> Data block:
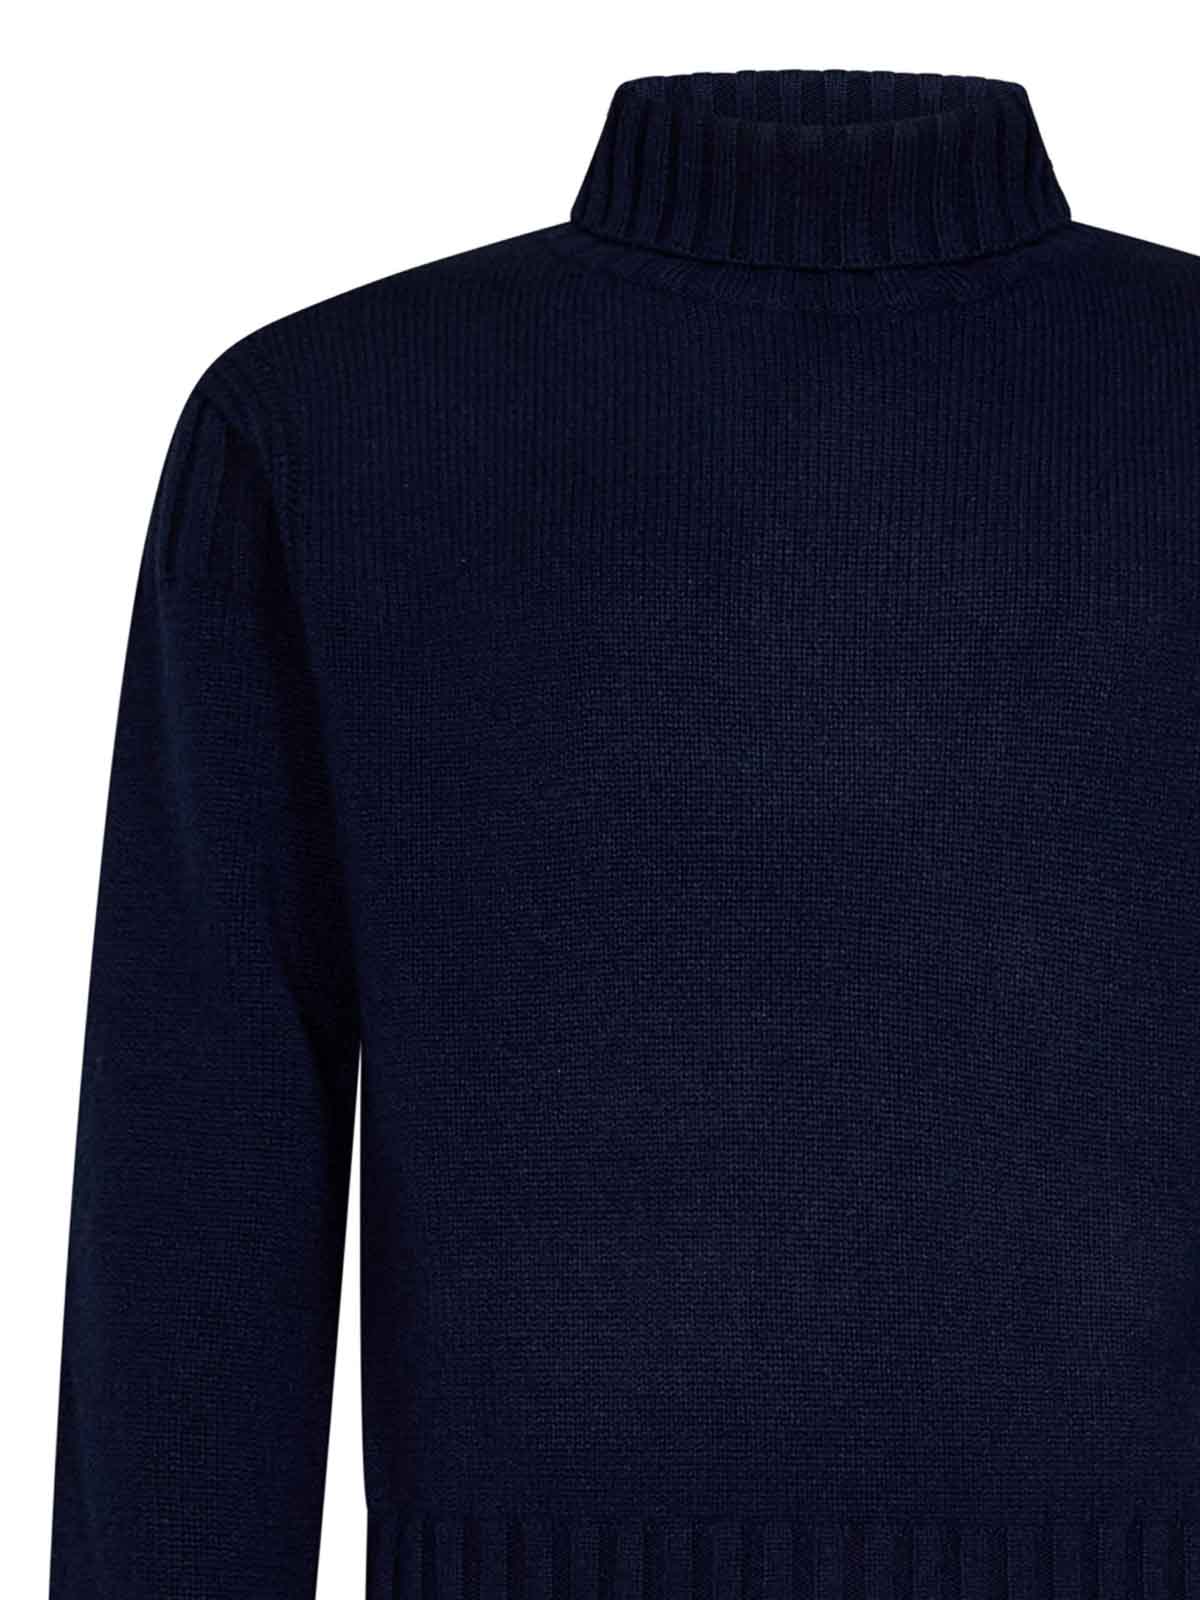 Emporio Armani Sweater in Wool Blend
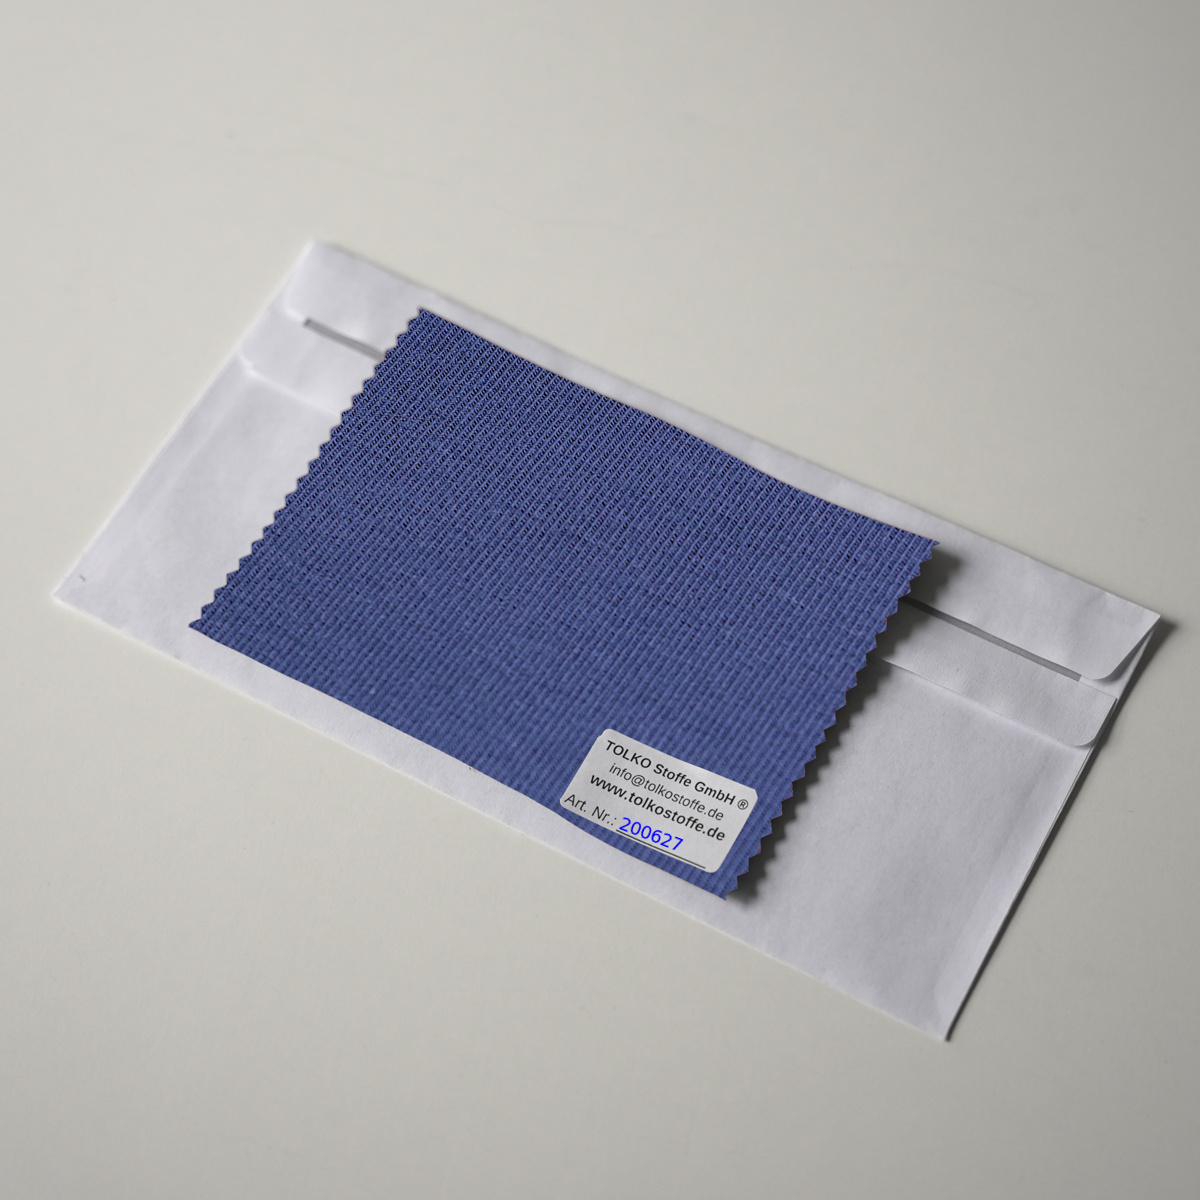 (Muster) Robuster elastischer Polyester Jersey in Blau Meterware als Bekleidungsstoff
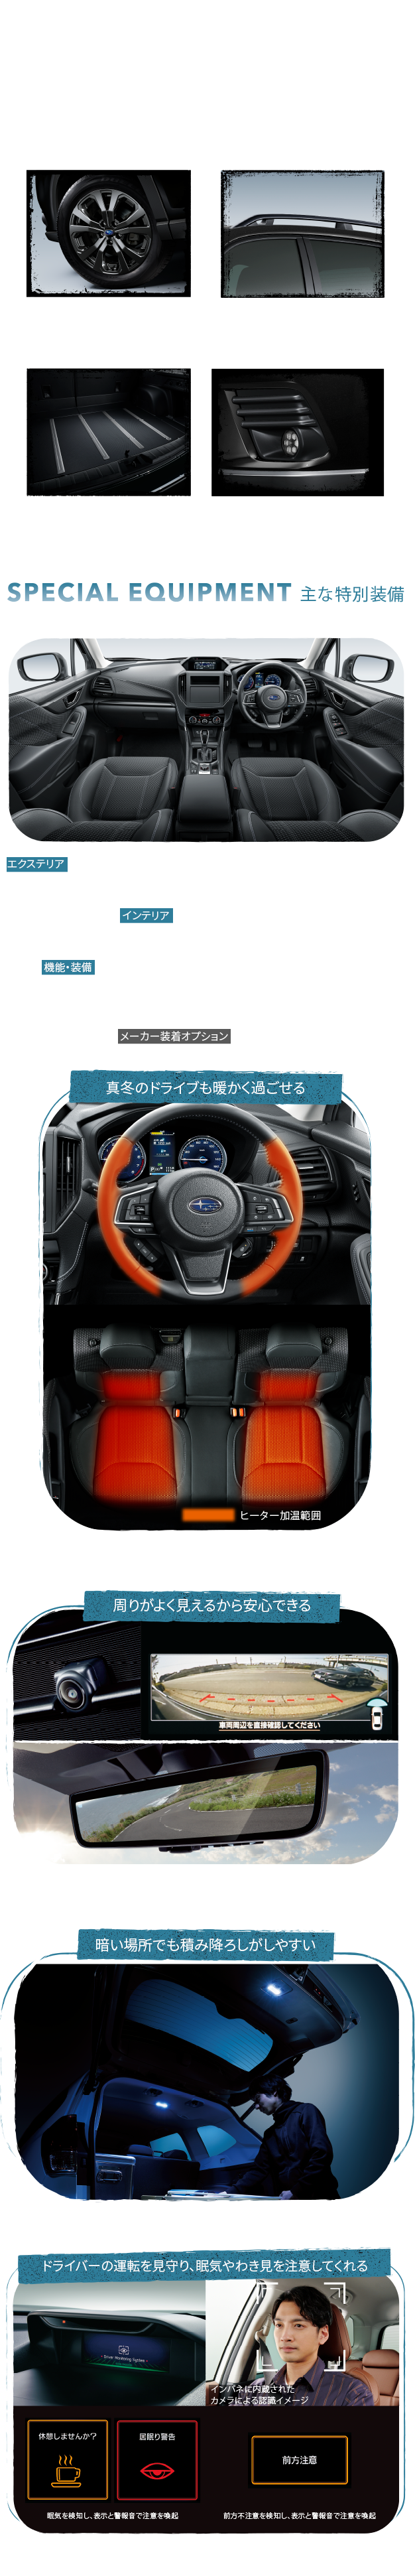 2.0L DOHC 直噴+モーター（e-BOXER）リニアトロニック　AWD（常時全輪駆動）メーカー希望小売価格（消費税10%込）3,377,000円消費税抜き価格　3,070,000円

> Directions: Give back the material above exactly, without pictures.

> Your solution:
 Emporio Armani Sweater in Wool Blend
 (Muster) Robuster elastischer Polyester Jersey in Blau Meterware als Bekleidungsstoff
 2.0L DOHC 直噴+モーター（e-BOXER）リニアトロニック　AWD（常時全輪駆動）メーカー希望小売価格（消費税10%込）3,377,000円消費税抜き価格　3,070,000円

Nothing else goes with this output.